If you haven't considered the importance of adding demographic questions to your employee survey template, then you're probably using misleading data for your HR solutions. These are even essential if you're conducting the survey on large employee populations, since you can't really break down the responses into useful fragments if you only have bulk responses at your disposal. You do have access to your employees' personal information through your HR database, but these won't be of any use unless you can directly connect these to the individual responses. You have every reason to typify the subgroups in your workforce, especially if your total is population is large enough to accommodate broad-range and anonymous surveys. Response patterns can be described more accurately if you can correlate these to smaller demographics.
The demographic questions in your employee survey template should be significantly related to your survey population.
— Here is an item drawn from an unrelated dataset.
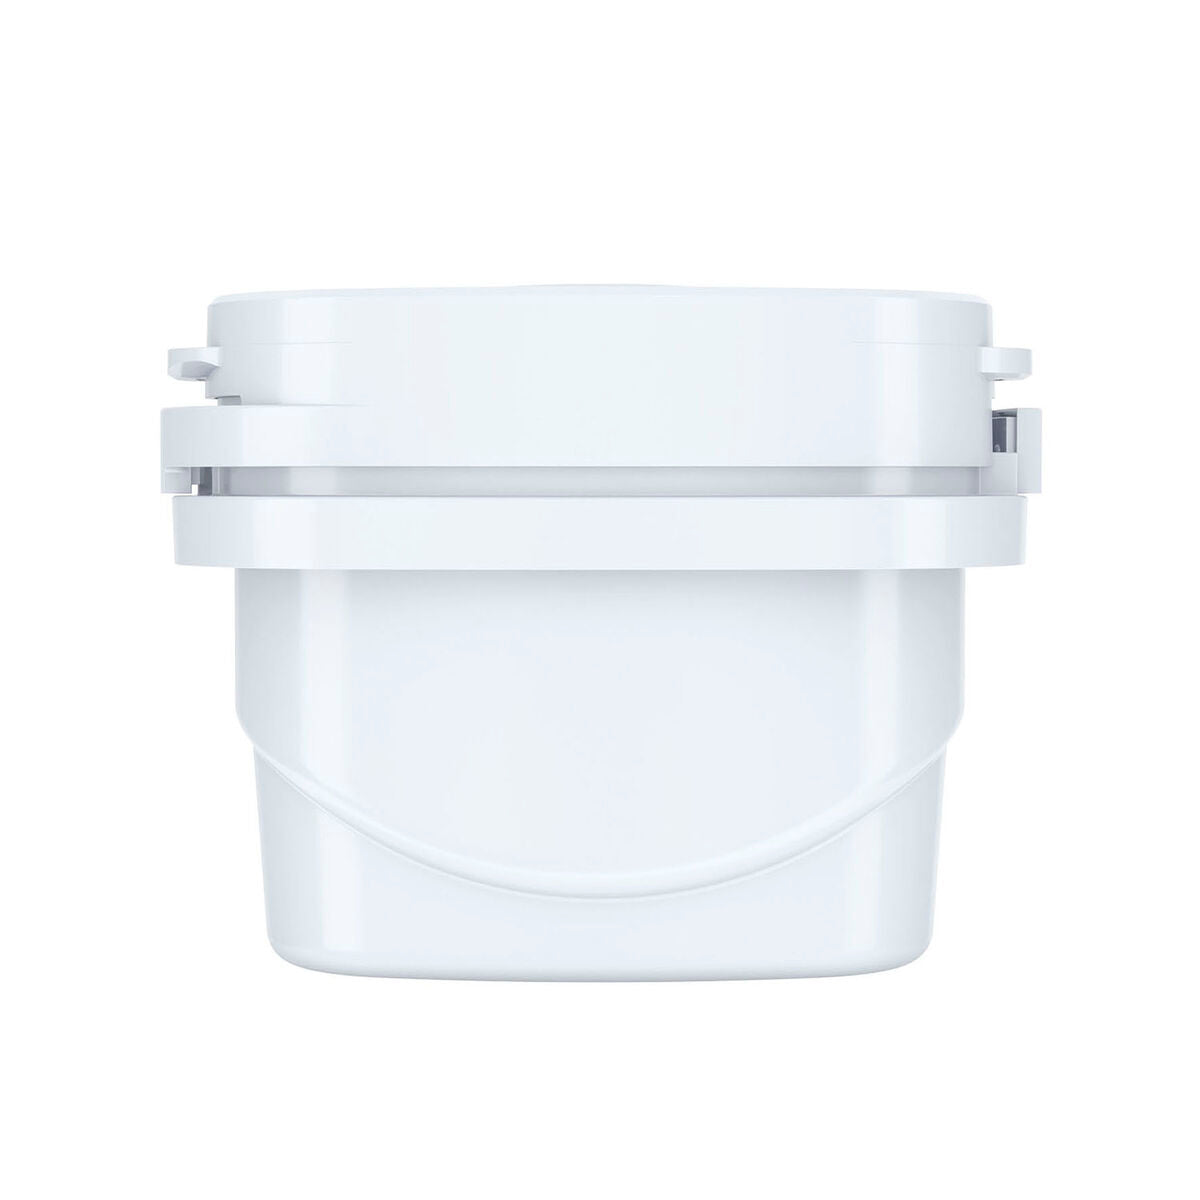 Filter for filter jug Aqua Optima Single Life Evolve (6 Units)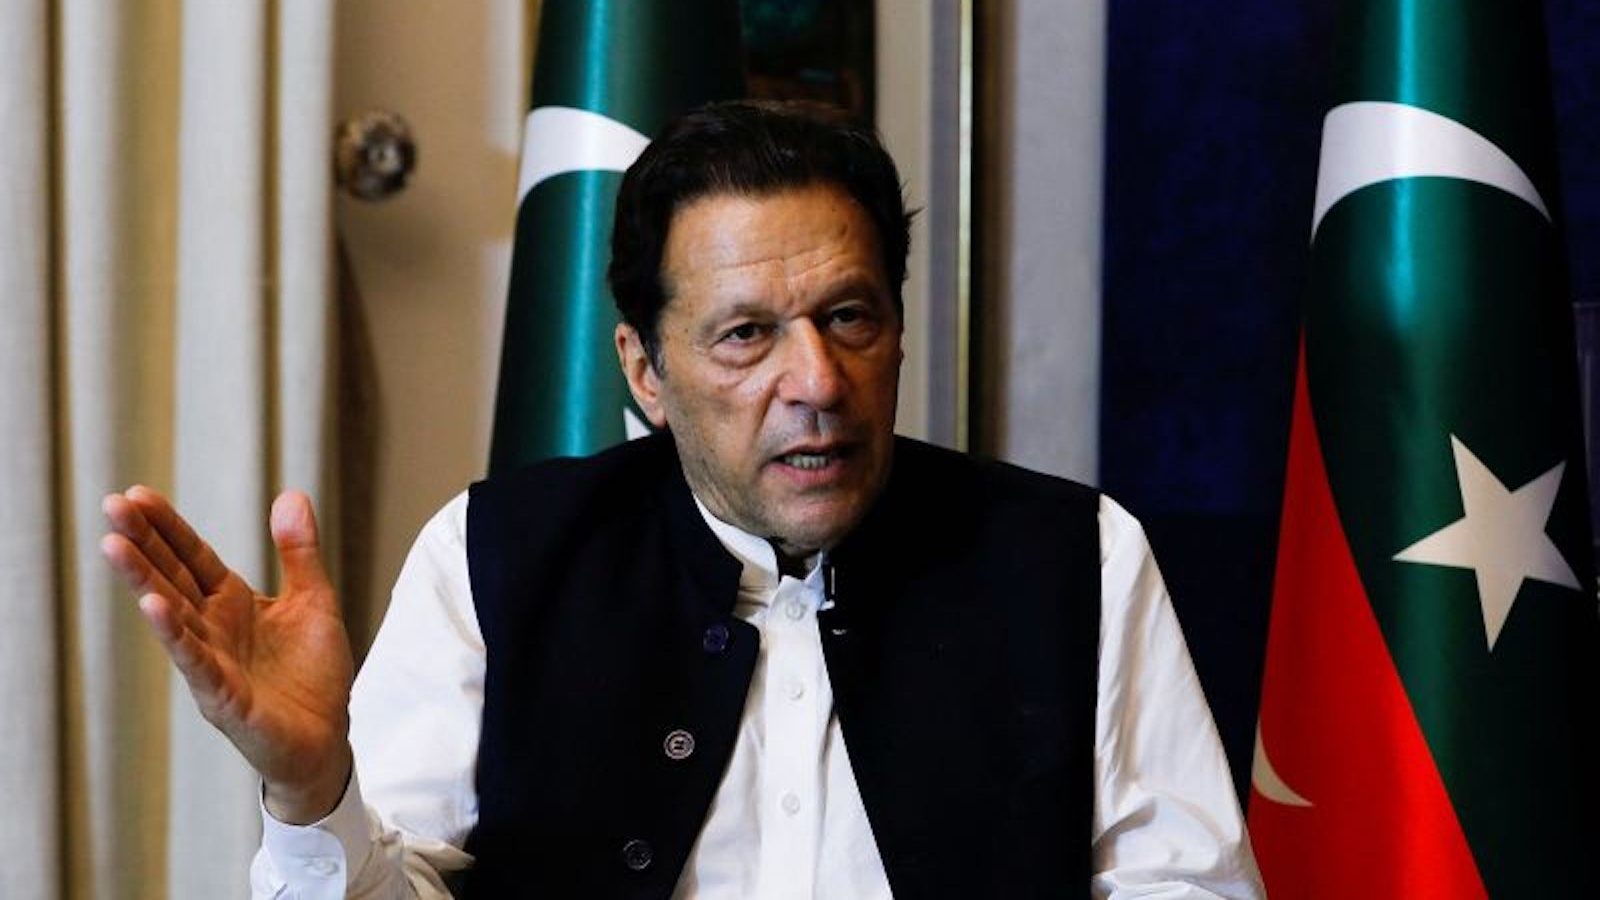 El arresto del ex primer ministro de Pakistán, Imran Khan, fue ilegal, dicta la Corte Suprema

If you're hiring contractual employees, then questions about tenure are irrelevant and useless. Most demographics also vary with time. The marital status of your employees will change as some have children, married or divorced. Age is also variable factor. Some company's deliberately stay away from questions related to privacy issues. But, you could at least ensure complete discretion for your employees if the demographic profiling will improve the interpretation of the survey data. You could either omit the name fields on the survey forms, or you can move the demographics to a separate page, so you can detach it after the information is collated.
You can identify response patterns as they relate to your demographic subgroups. If you've used employee survey template that don't typify subgroups, you're probably acquainted with their limitations. For example, a ten percent negative response to questions on the quality of the corporate healthcare can only be applied to the entire survey population. You can delineate this information further if you can determine which demographic leaned heavily on the negative response. Your solutions will be more practical and concrete, since you now have the option to apply these across the board or only to specific subgroups.
You'll have to keep your survey form concise, though, even if you'd like it to be thorough. Since demographic questions can take up a lot of space, you should only include those that would be relevant to your survey. Your employee survey template could include a handful of questions on age, gender, type and length of tenure, marital status, and corporate position, but you shouldn't exhaust all possibilities if you're not really going to need these. You may also consider omitting these questions altogether if your employee workforce is too small to begin with (such as a population of 50 employees or less).
Your employee survey template won't be of any use if you don't emphasize the importance of confidentiality at the outset. Because some employees may consider demographic questions intrusive, you should reassure your respondents that any information they provide will be handled with full discretion. Corporations don't really function well with anonymity, but they do thrive in confidentiality.
The demographic questions in your employee survey template should be significantly related to your survey population. If you're hiring contractual employees, then questions about tenure are irrelevant and useless. Most demographics also vary with time. The marital status of your employees will change as some have children, married or divorced. Age is also variable factor. Some company's deliberately stay away from questions related to privacy issues. But, you could at least ensure complete discretion for your employees if the demographic profiling will improve the interpretation of the survey data. You could either omit the name fields on the survey forms, or you can move the demographics to a separate page, so you can detach it after the information is collated.
You can identify response patterns as they relate to your demographic subgroups. If you've used employee survey template that don't typify subgroups, you're probably acquainted with their limitations. For example, a ten percent negative response to questions on the quality of the corporate healthcare can only be applied to the entire survey population. You can delineate this information further if you can determine which demographic leaned heavily on the negative response. Your solutions will be more practical and concrete, since you now have the option to apply these across the board or only to specific subgroups.
You'll have to keep your survey form concise, though, even if you'd like it to be thorough. Since demographic questions can take up a lot of space, you should only include those that would be relevant to your survey. Your employee survey template could include a handful of questions on age, gender, type and length of tenure, marital status, and corporate position, but you shouldn't exhaust all possibilities if you're not really going to need these. You may also consider omitting these questions altogether if your employee workforce is too small to begin with (such as a population of 50 employees or less).
Your employee survey template won't be of any use if you don't emphasize the importance of confidentiality at the outset. Because some employees may consider demographic questions intrusive, you should reassure your respondents that any information they provide will be handled with full discretion. Corporations don't really function well with anonymity, but they do thrive in confidentiality.
About the Author:
If you feel that your employee survey template could still be improved, then you'll have to find a good program that'll offer you the best options, tips, and more. Look for free or paid survey programs; the latter always offers more value.